Do you really believe that manufacturers are truthful in stating battery capacity? If so, you're the rightful prey of the creative marketing departments. You should run battery capacity claims through the same skeptical filter as "10 watt" and "240 lumen" flashlights. Or, for that matter, auto manufacturers' gas mileage claims.
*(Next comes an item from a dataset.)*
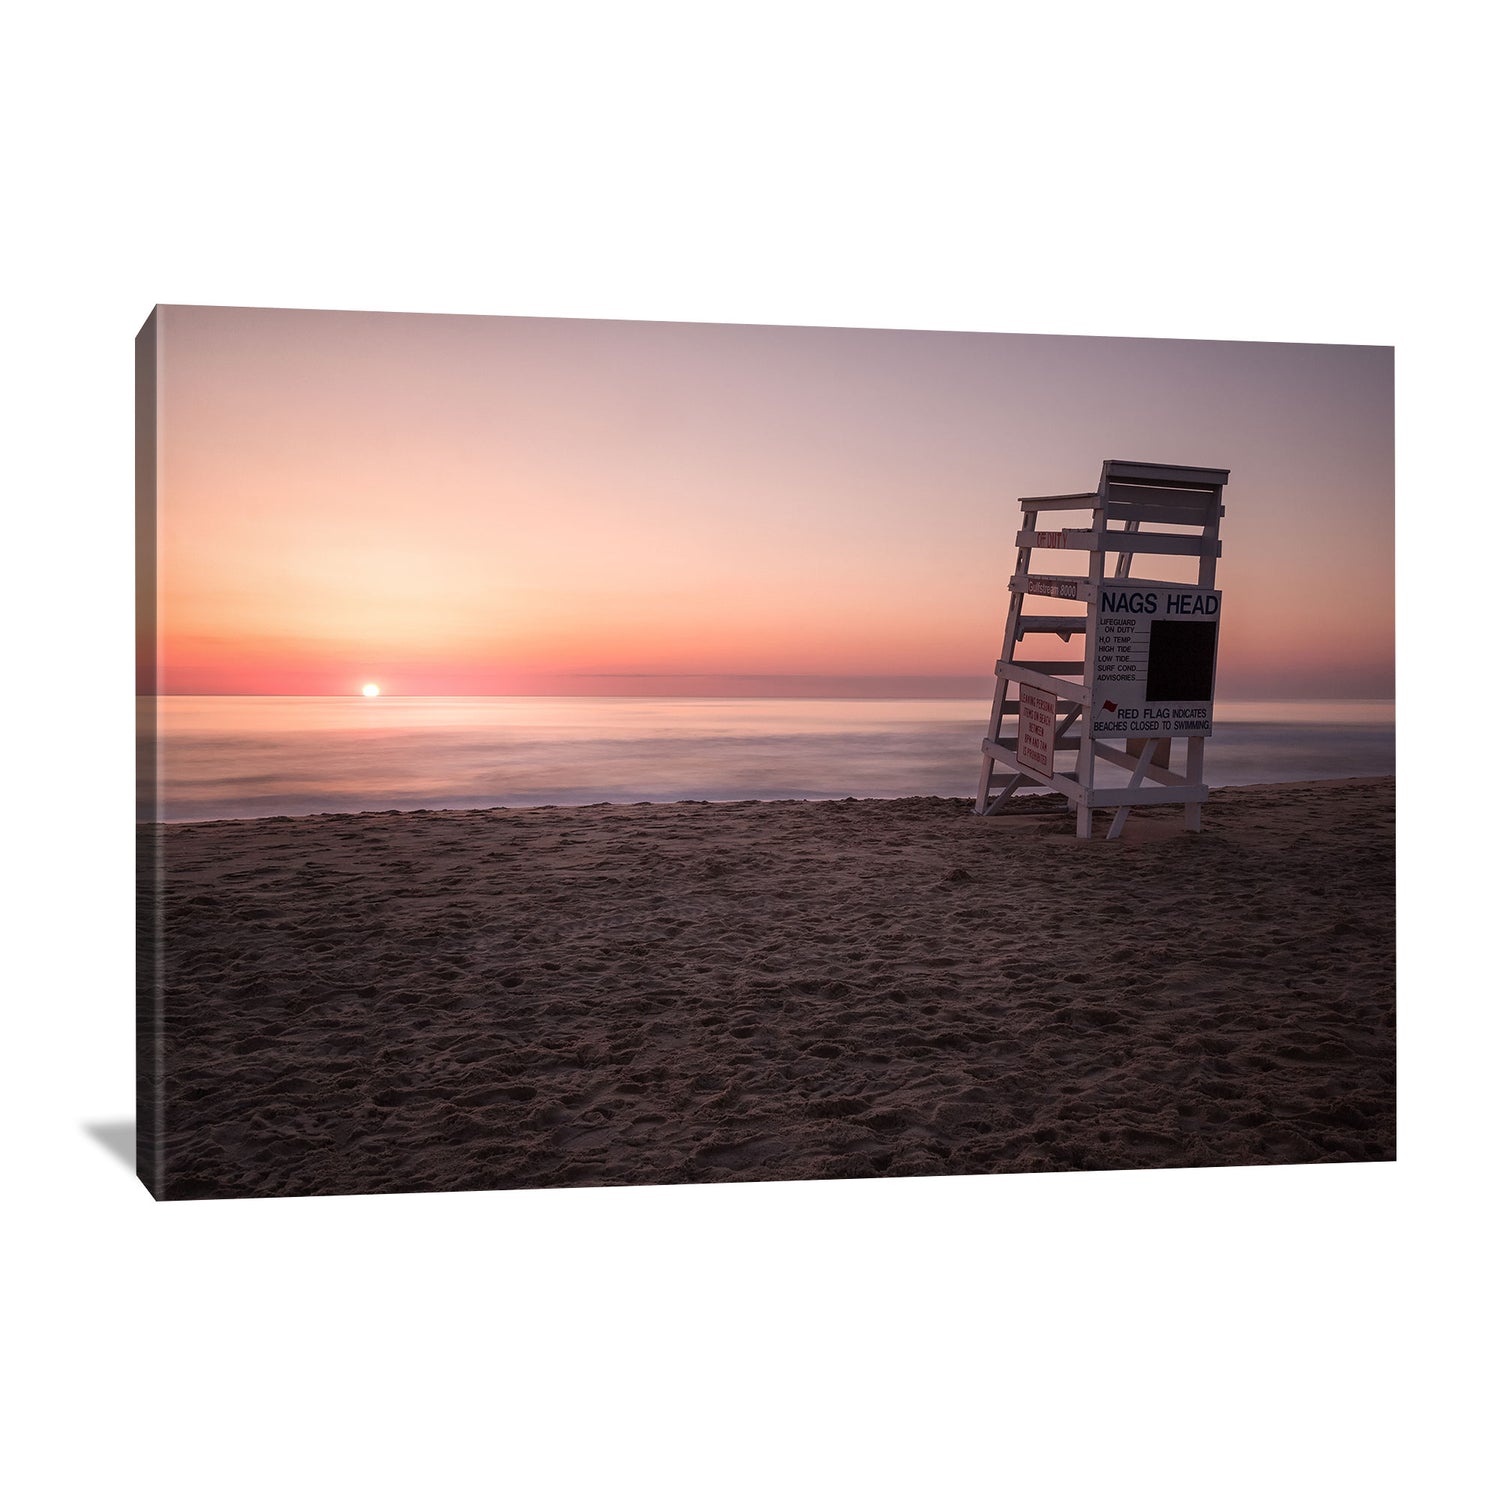 lifeguard chair at nags head beach during sunrise
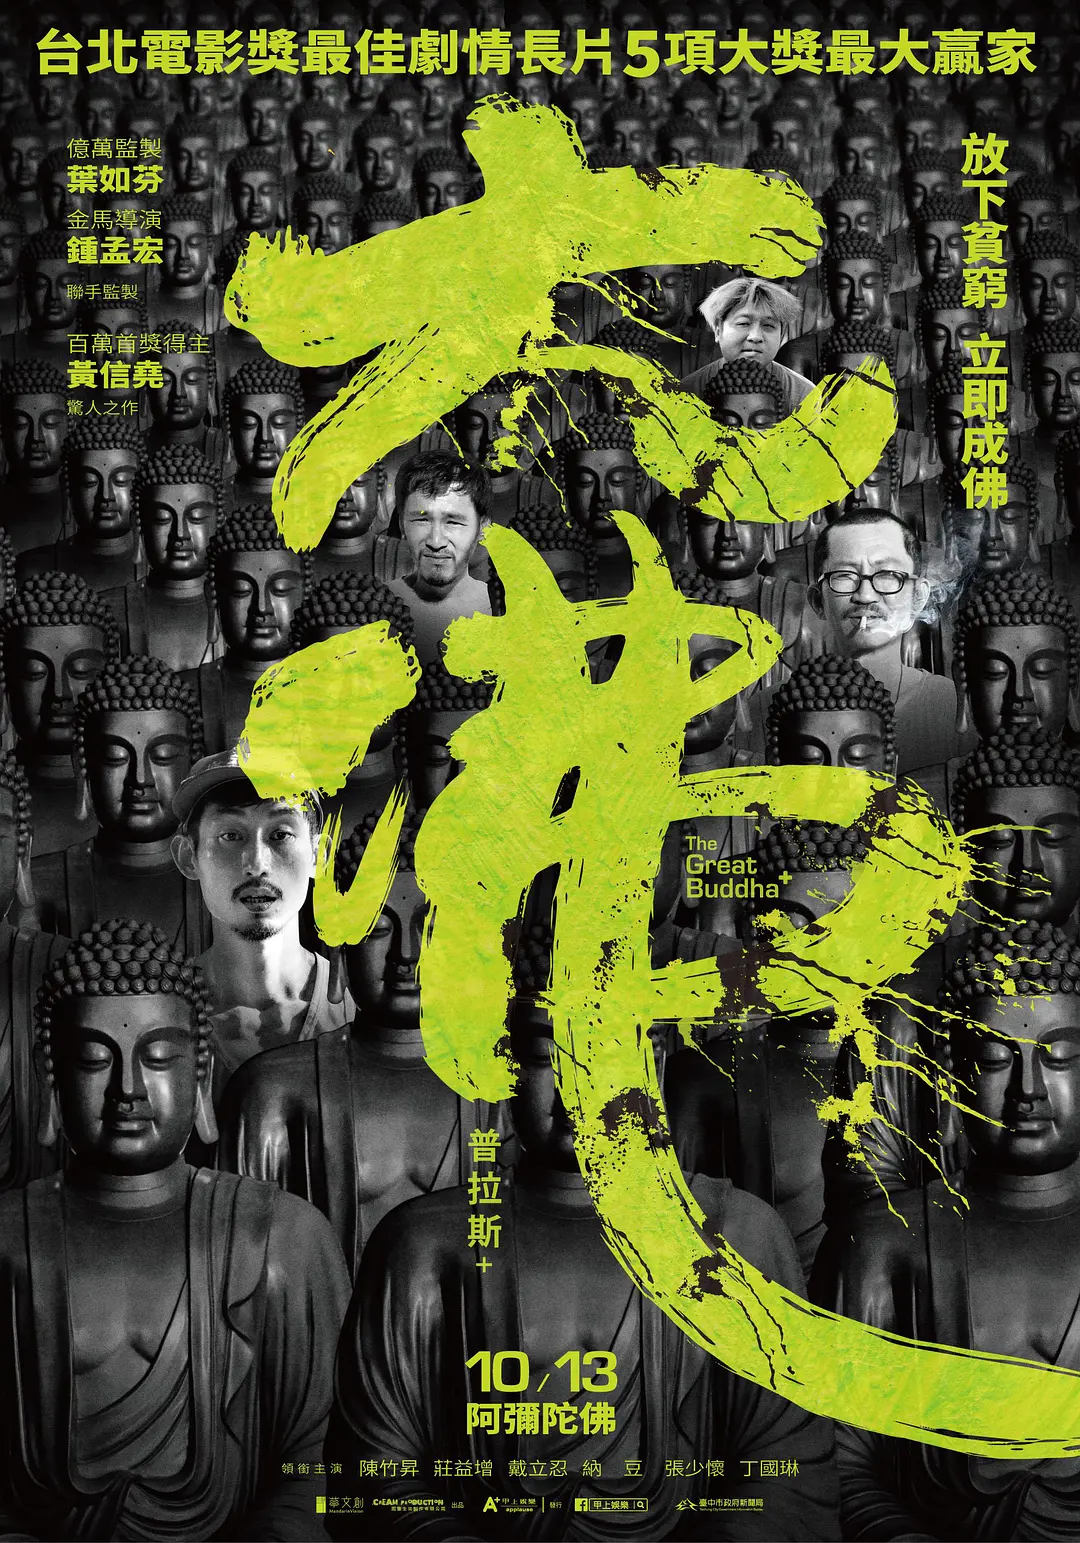 台湾省的电影《大佛普拉斯》带你了解台湾的政治乱象

That said, the Eneloops are unusual in that they actually do deliver very nearly the claimed capacity.

c_c


----------



## emailanjan (Sep 11, 2007)

Hi,

Thanks for your good Replys. After Reading your Opinions (and some other Info here in the Forum) I choose to go for the Sanyo Eneloops. I bought 5 (AA) of them together with a good charger LaCross BC 900 (Relabeled to AccuPower *whatever*). That Bunch costs me 42€ without shipping costs. Available at Amazon 
http://www.amazon.de/dp/B000NPNGH6/

That Charger should do a lot of good things like refresh my old Akkus, test the capacity....and some more. I think thats money-worth.

Greetings from Germany

Jan


----------



## Gazoo (Sep 13, 2007)

Curious_character said:


> That said, the Eneloops are unusual in that they actually do deliver very nearly the claimed capacity.
> 
> c_c



Every single one of mine, AA, and AAA, deliver more then their stated capacity.


----------



## Curious_character (Sep 13, 2007)

Gazoo said:


> Every single one of mine, AA, and AAA, deliver more then their stated capacity.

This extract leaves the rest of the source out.